▼

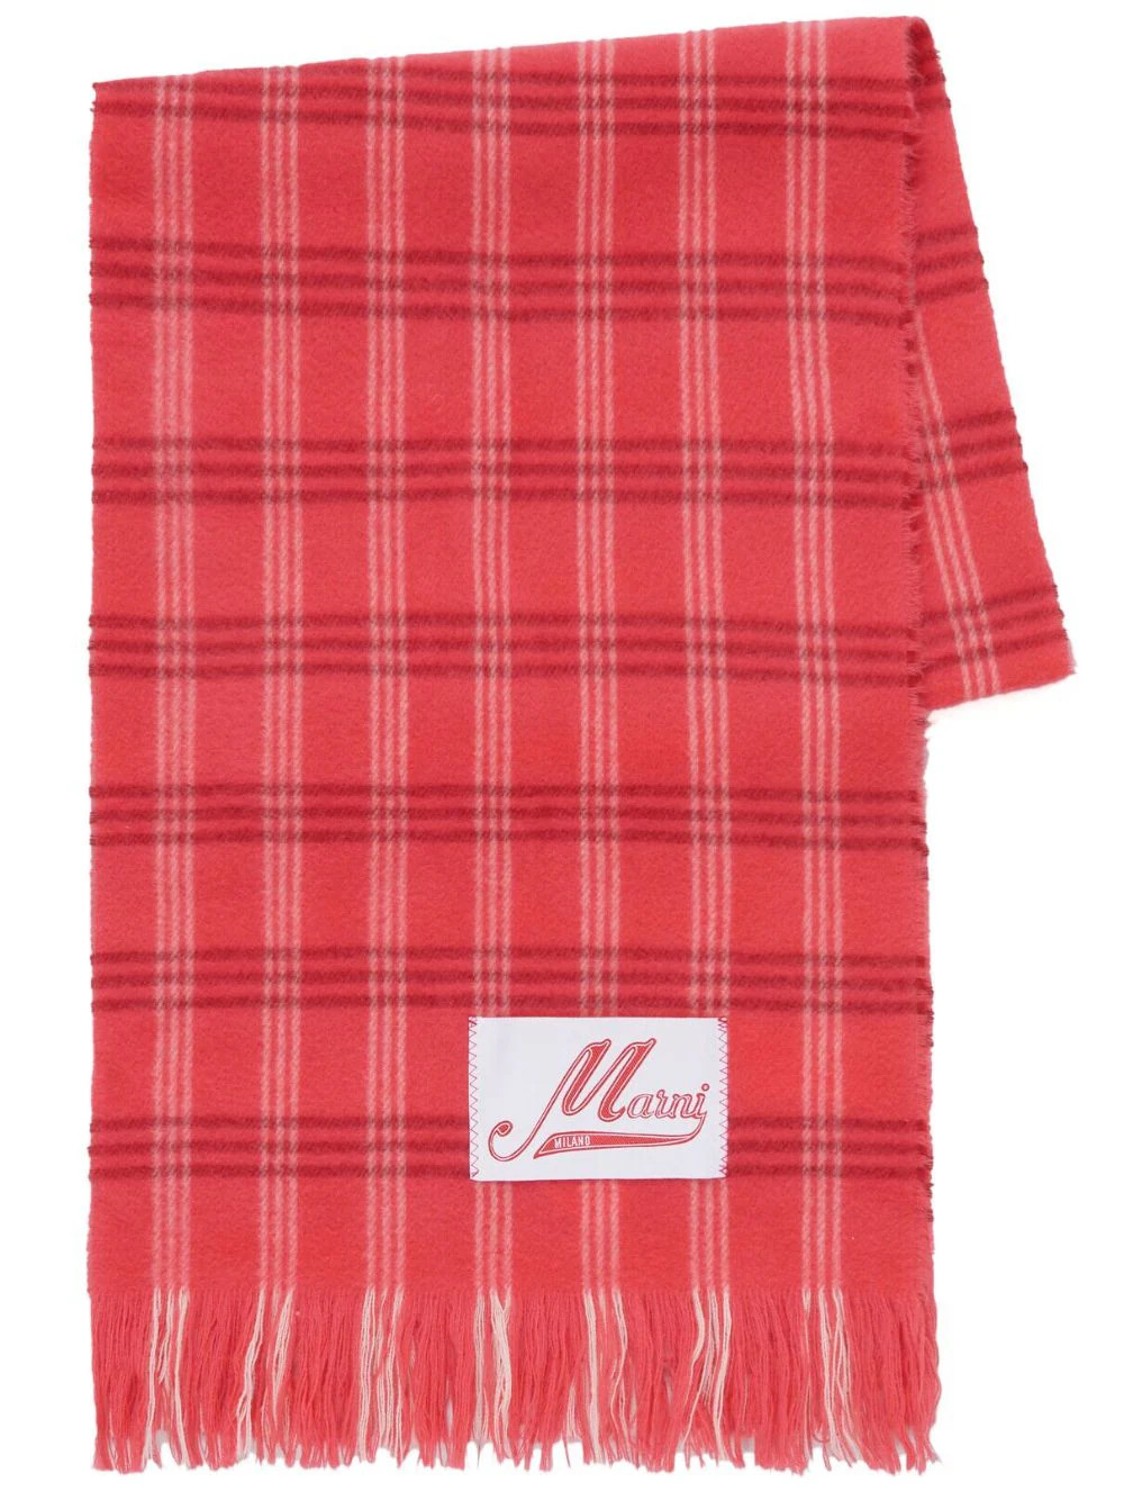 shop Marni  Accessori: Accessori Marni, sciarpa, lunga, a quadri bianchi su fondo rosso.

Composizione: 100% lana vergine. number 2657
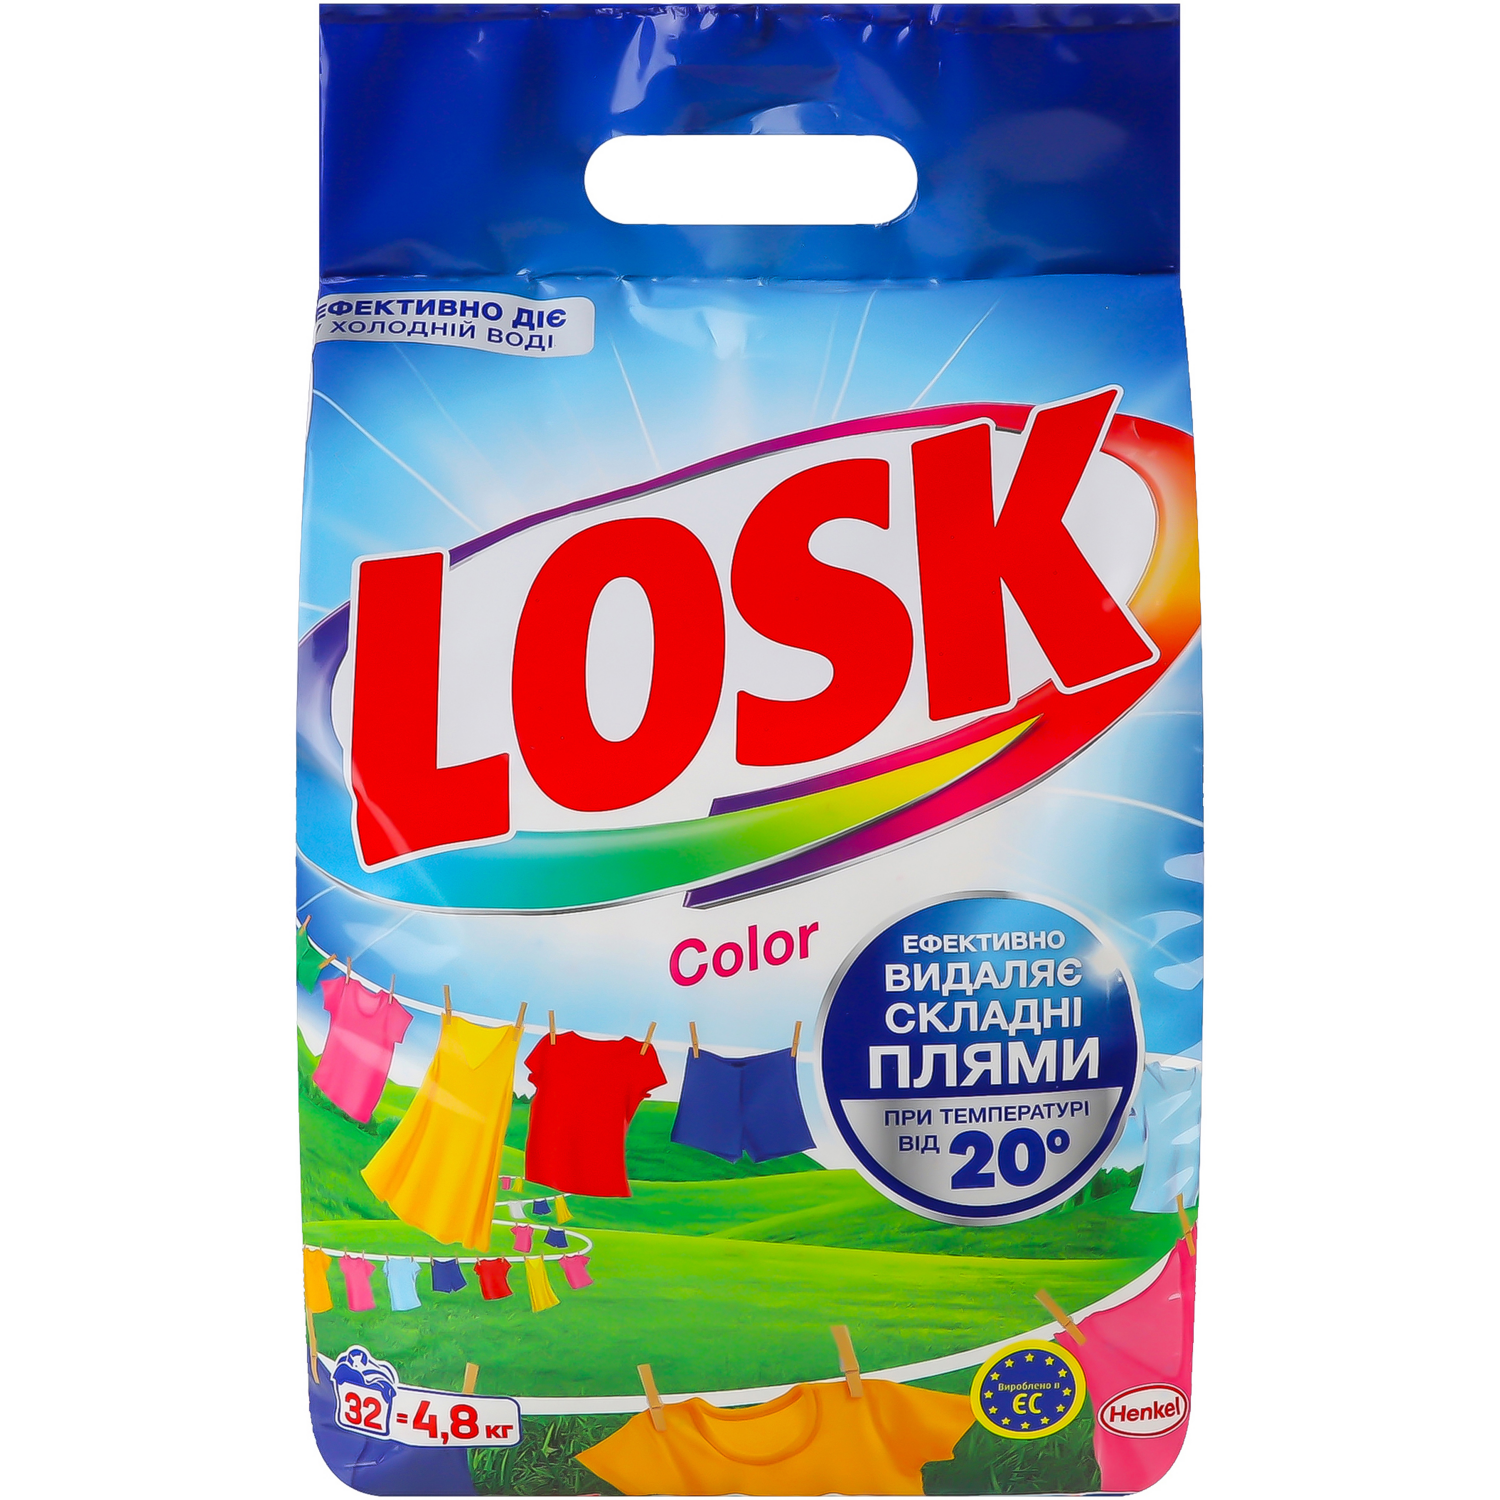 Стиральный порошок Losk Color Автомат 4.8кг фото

▲
▼

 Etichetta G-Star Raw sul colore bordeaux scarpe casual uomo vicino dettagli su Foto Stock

▲

#### INSTRUCTIONS TO FOLLOW:
Out of the records above, set down only the lines from the one that contains "Composizione: 100% lana vergine. number 2657" through the one that contains "Стиральный порошок Losk", unchanged and without the pictures.

#### ANSWER BOX:
Composizione: 100% lana vergine. number 2657
 Стиральный порошок Losk Color Автомат 4.8кг фото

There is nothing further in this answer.